[[ Data to process open ]]

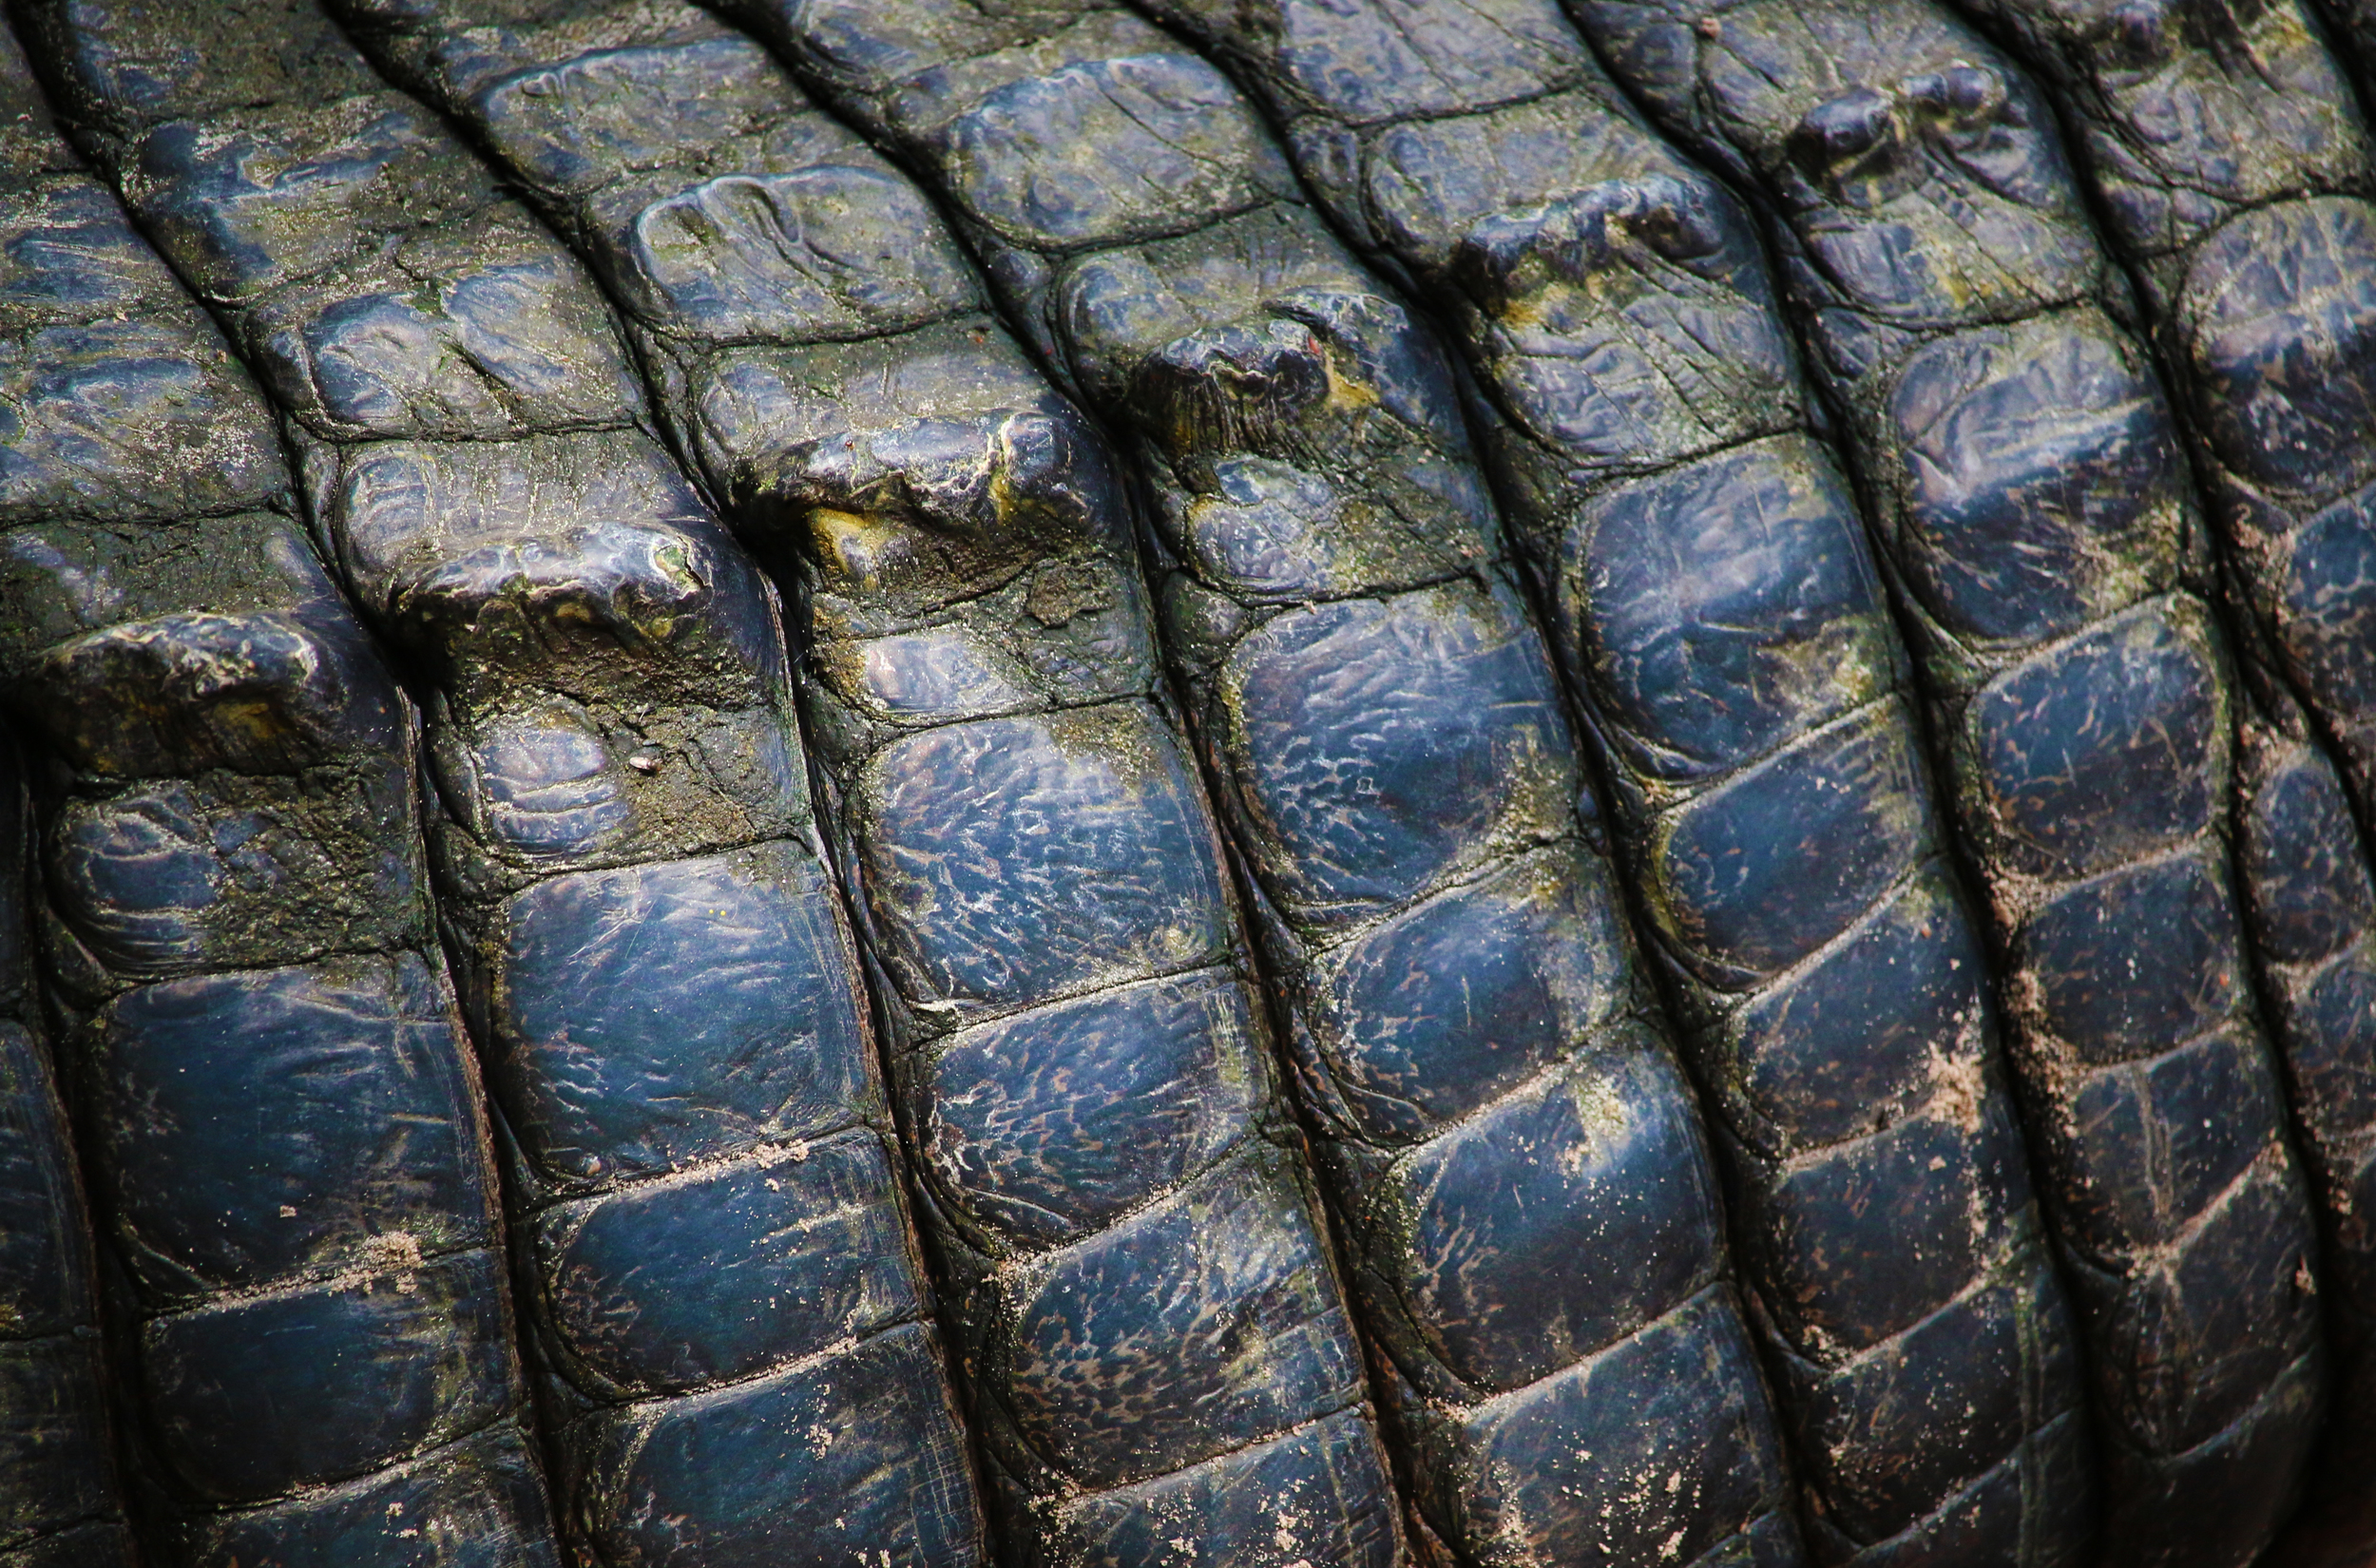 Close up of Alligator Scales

[[ Data to process closed ]]
[[ Data to process open ]]

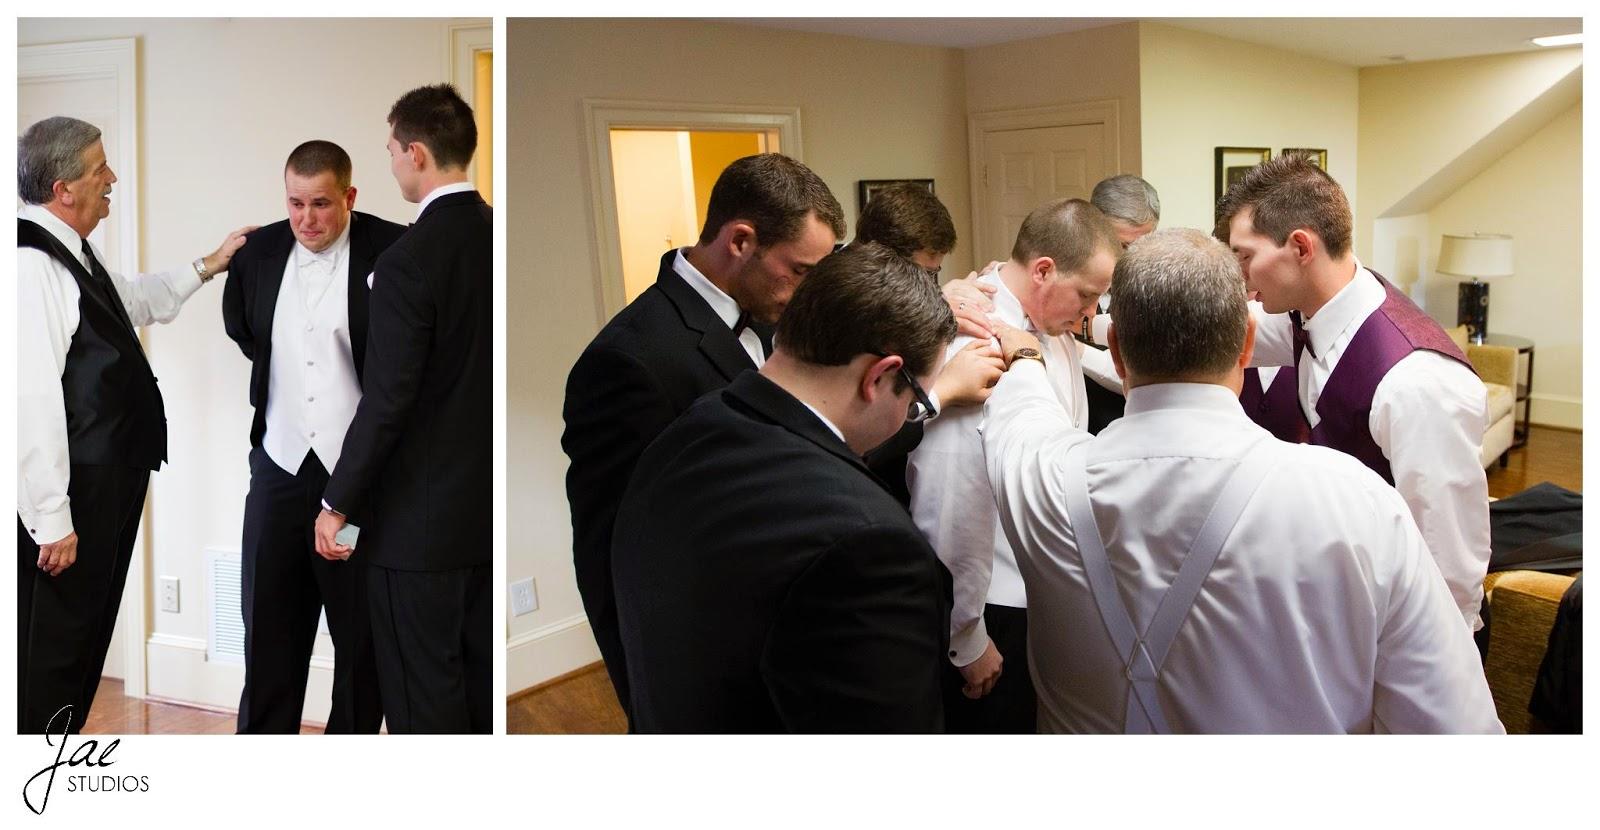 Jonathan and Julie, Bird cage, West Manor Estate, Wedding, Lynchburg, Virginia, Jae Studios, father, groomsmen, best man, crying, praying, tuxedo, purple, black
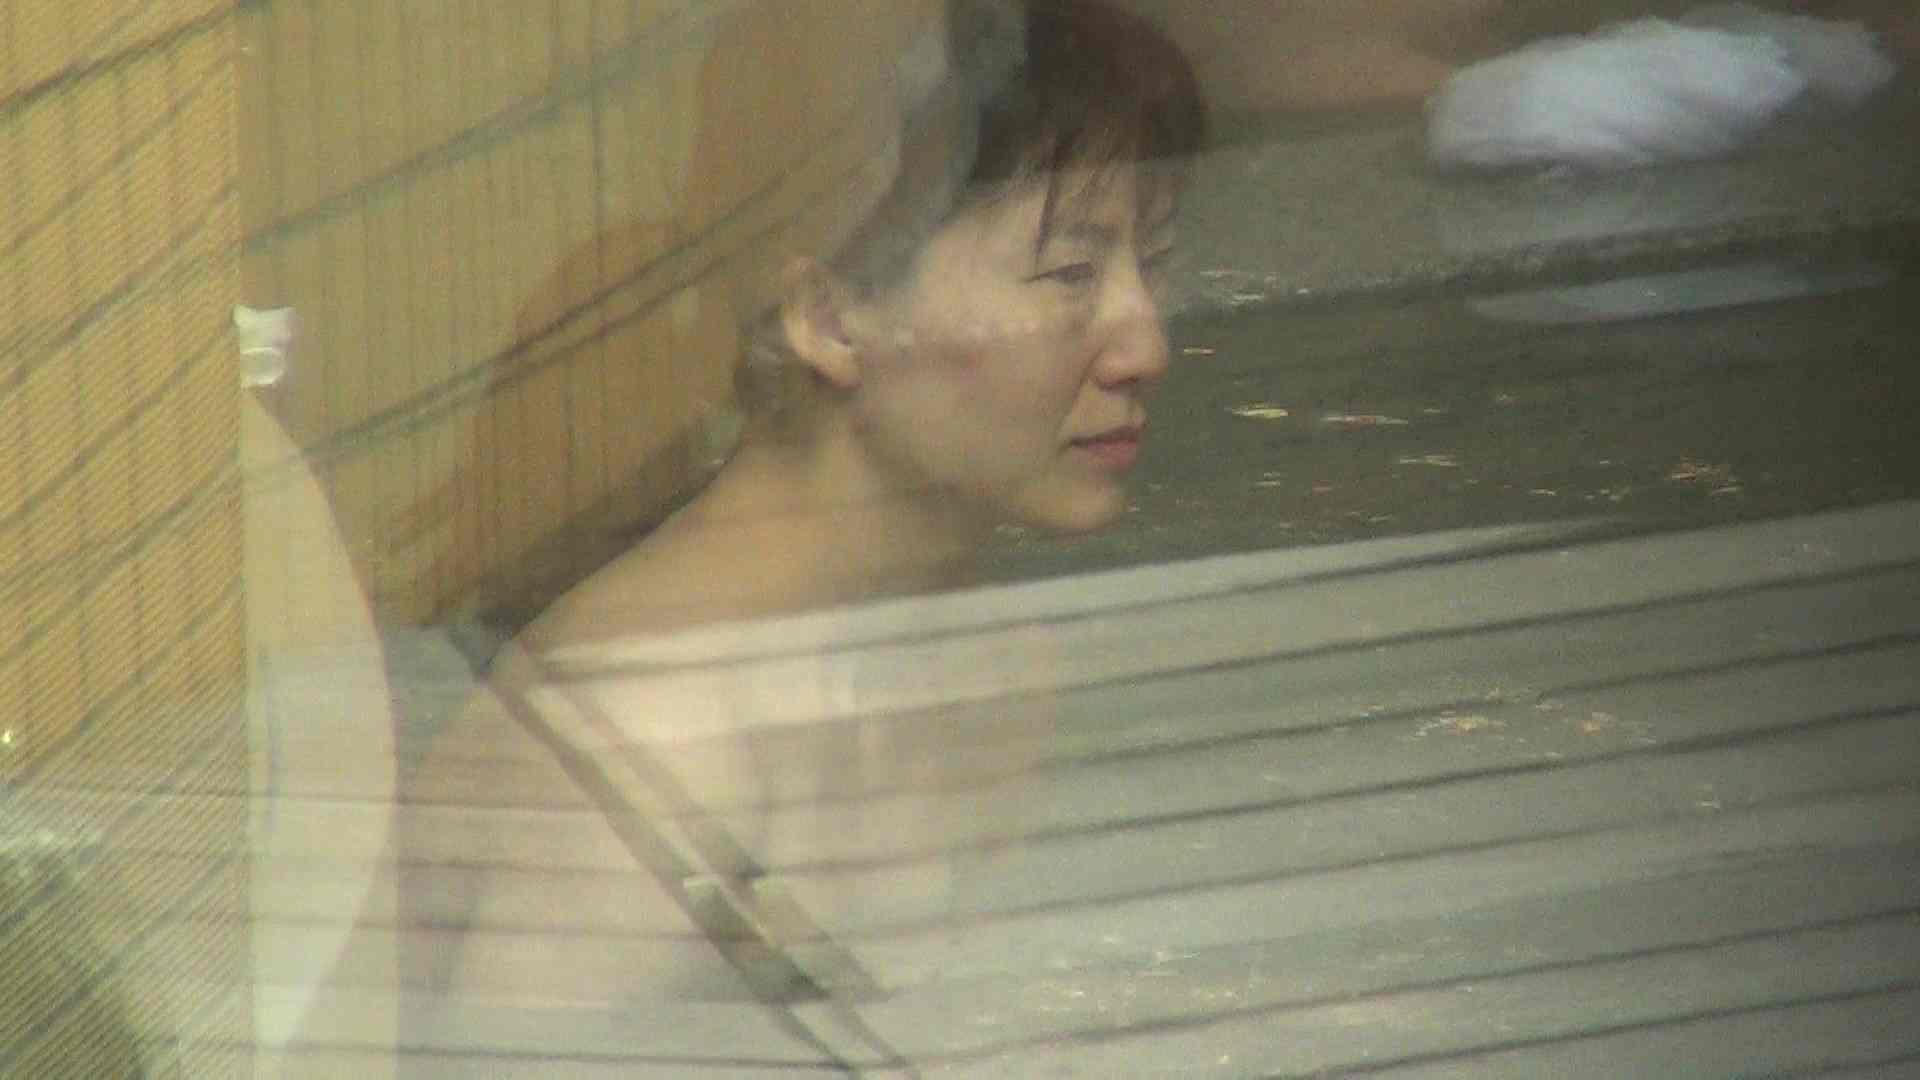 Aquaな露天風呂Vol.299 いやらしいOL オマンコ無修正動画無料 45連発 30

[[ Data to process closed ]]

The result should be an exact copy of only the lines above from the one that holds "Jonathan and Julie, Bird" through the one that holds "Aquaな露天風呂Vol.299 いやらしいOL オマンコ無修正動画無料 45連発 30", both ends included, without pictures.

* **Solution**
 Jonathan and Julie, Bird cage, West Manor Estate, Wedding, Lynchburg, Virginia, Jae Studios, father, groomsmen, best man, crying, praying, tuxedo, purple, black
 Aquaな露天風呂Vol.299 いやらしいOL オマンコ無修正動画無料 45連発 30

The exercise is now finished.